Work required -
Produce a word-for-word copy of the data that follows, excluding images.

Supplied data -
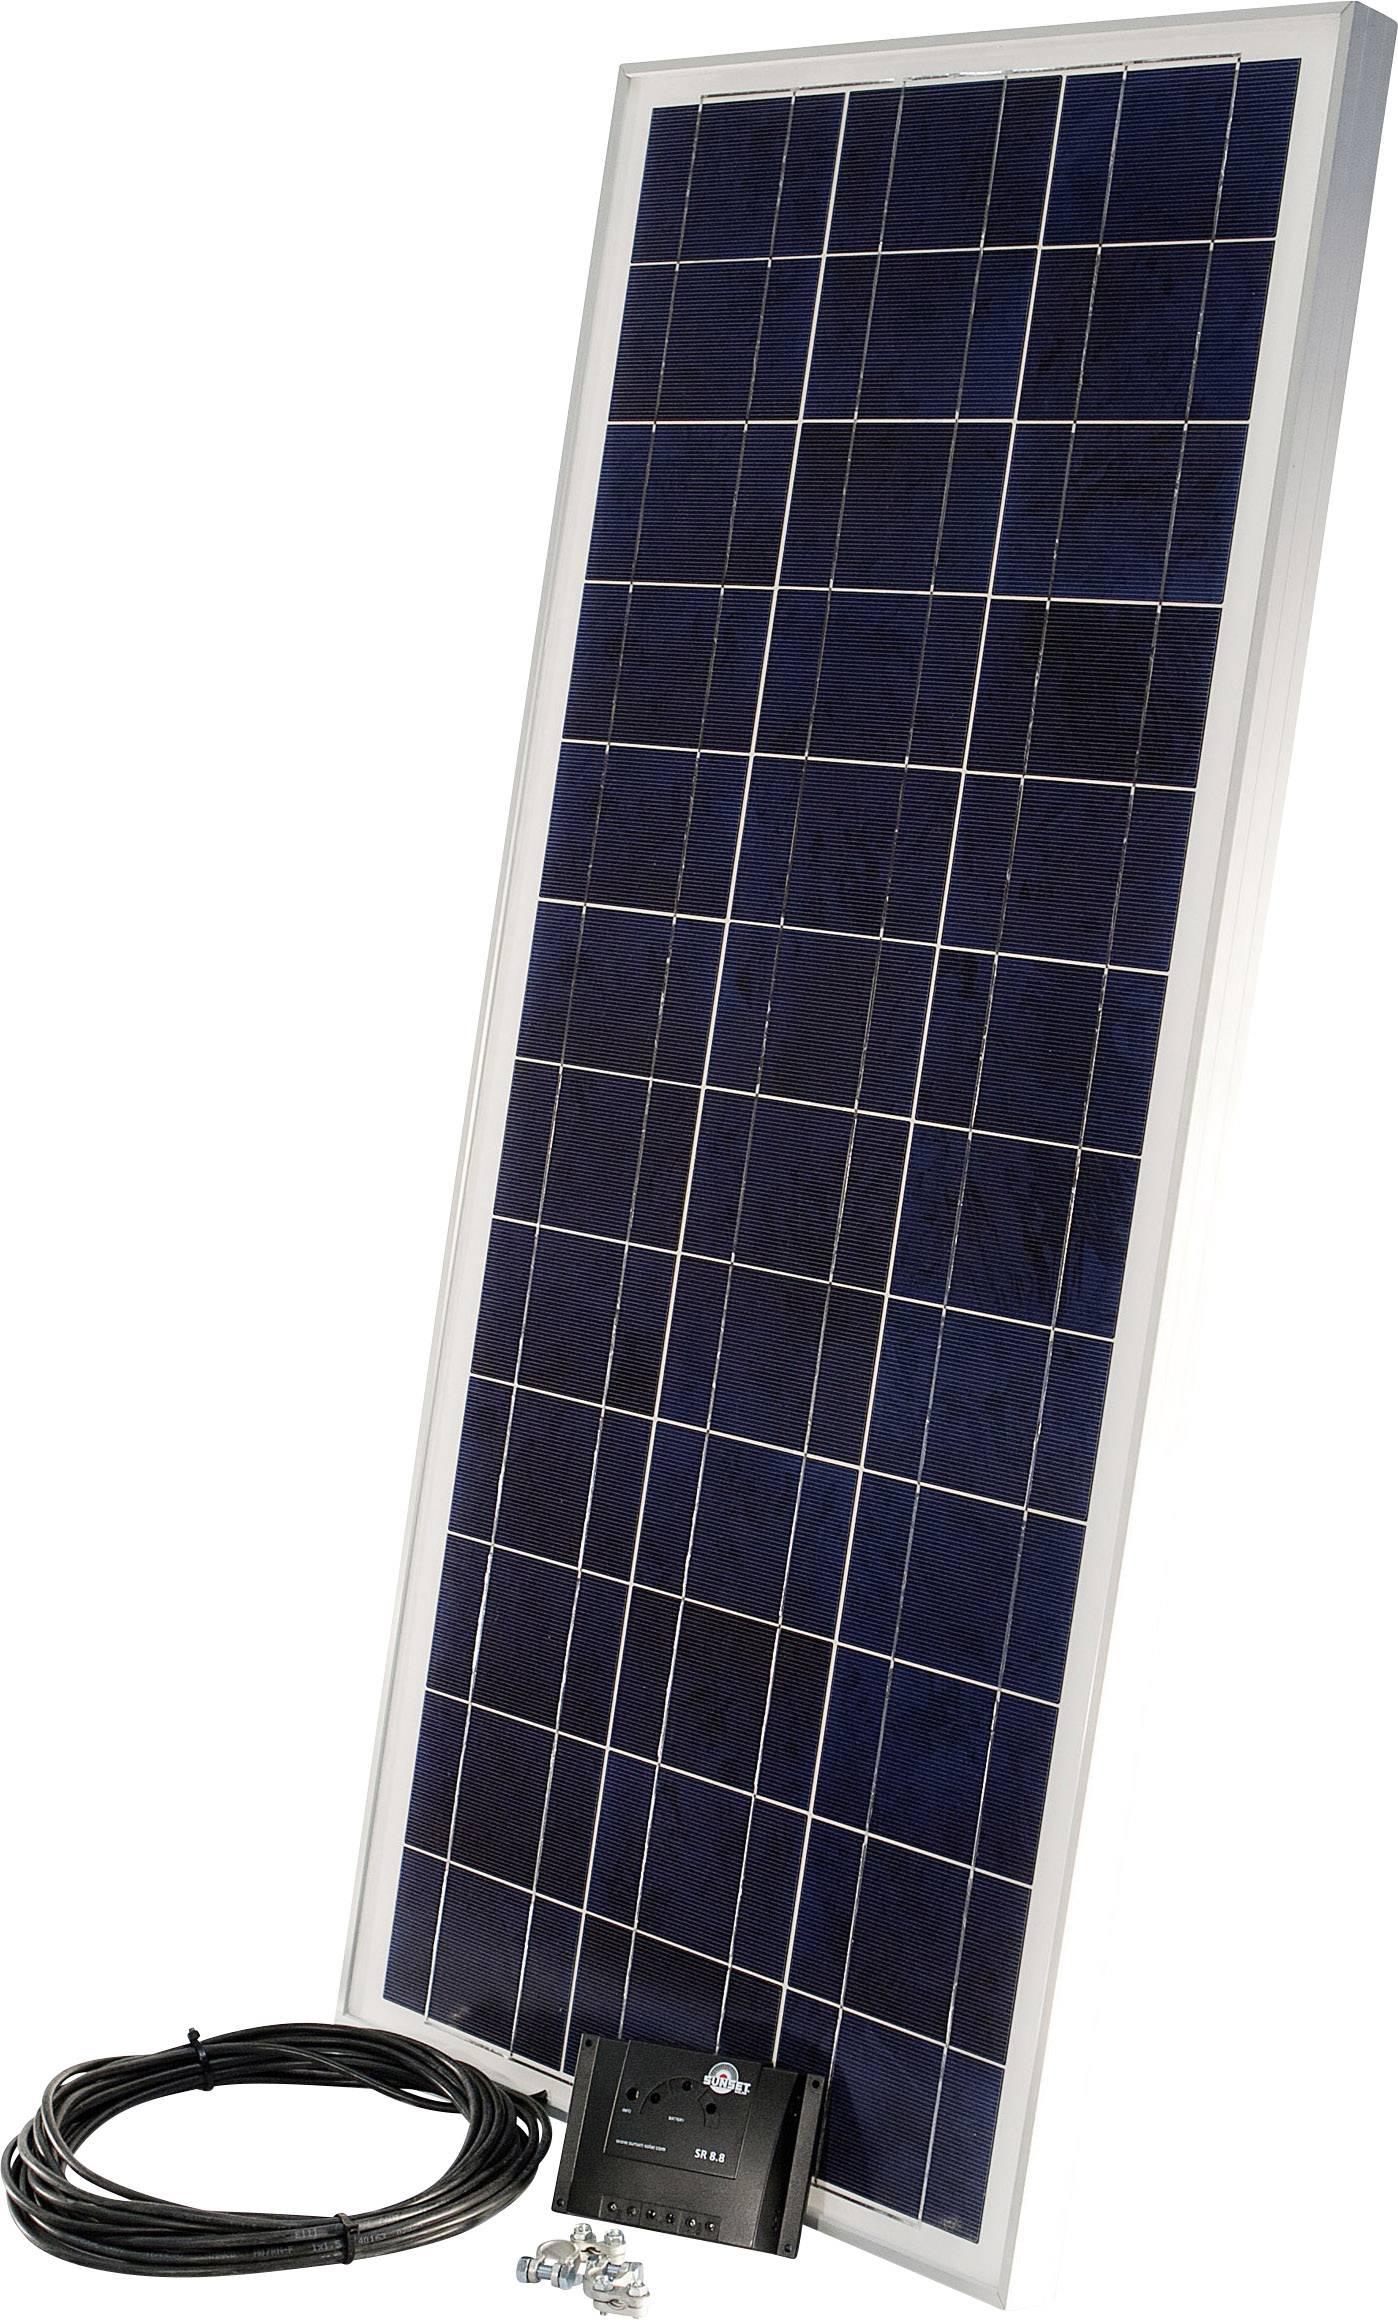 Polykrystalické solární sady Sunset PX 85, 12V
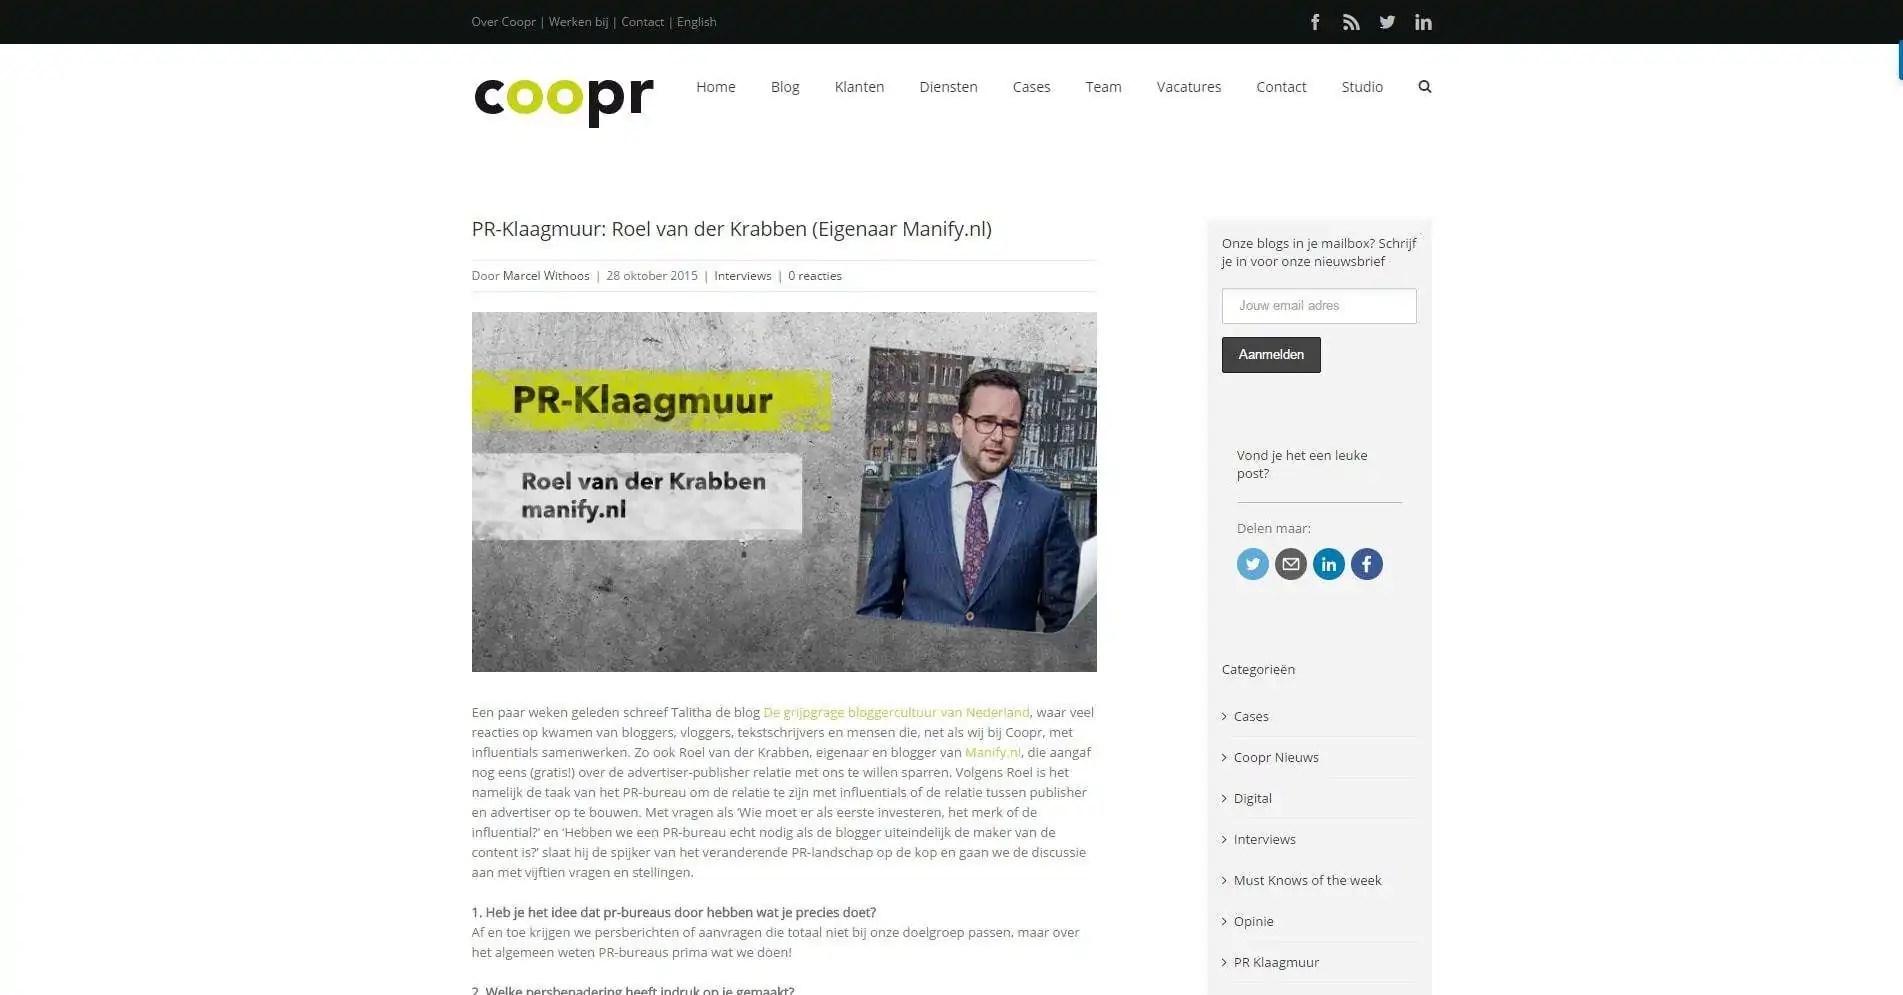 FireShot Capture 128 – PR-Klaagmuur_ R_ – http___www.coopr.nl_blog_pr-klaagmuur-roel-van-der-krabben
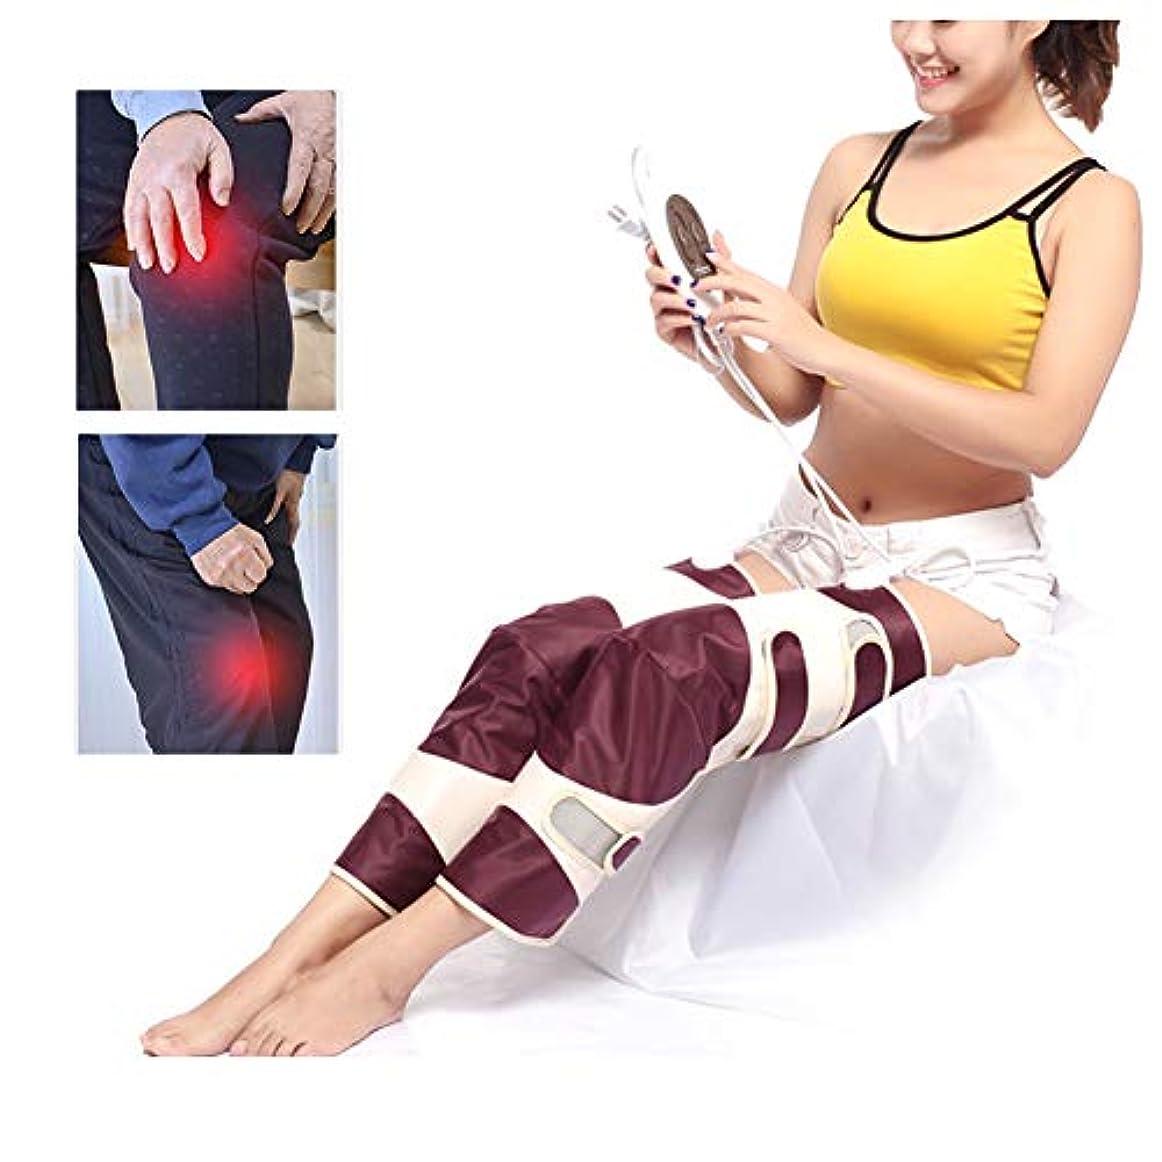 雨の場所機知に富んだ膝の怪我、痛みを軽減するための電気加熱膝ブレースサポート - 膝温かいラップ加熱パッド - 遠赤外線治療マッサージャー

Task result -
 Polykrystalické solární sady Sunset PX 85, 12V
 FireShot Capture 128 – PR-Klaagmuur_ R_ – http___www.coopr.nl_blog_pr-klaagmuur-roel-van-der-krabben
 雨の場所機知に富んだ膝の怪我、痛みを軽減するための電気加熱膝ブレースサポート - 膝温かいラップ加熱パッド - 遠赤外線治療マッサージャー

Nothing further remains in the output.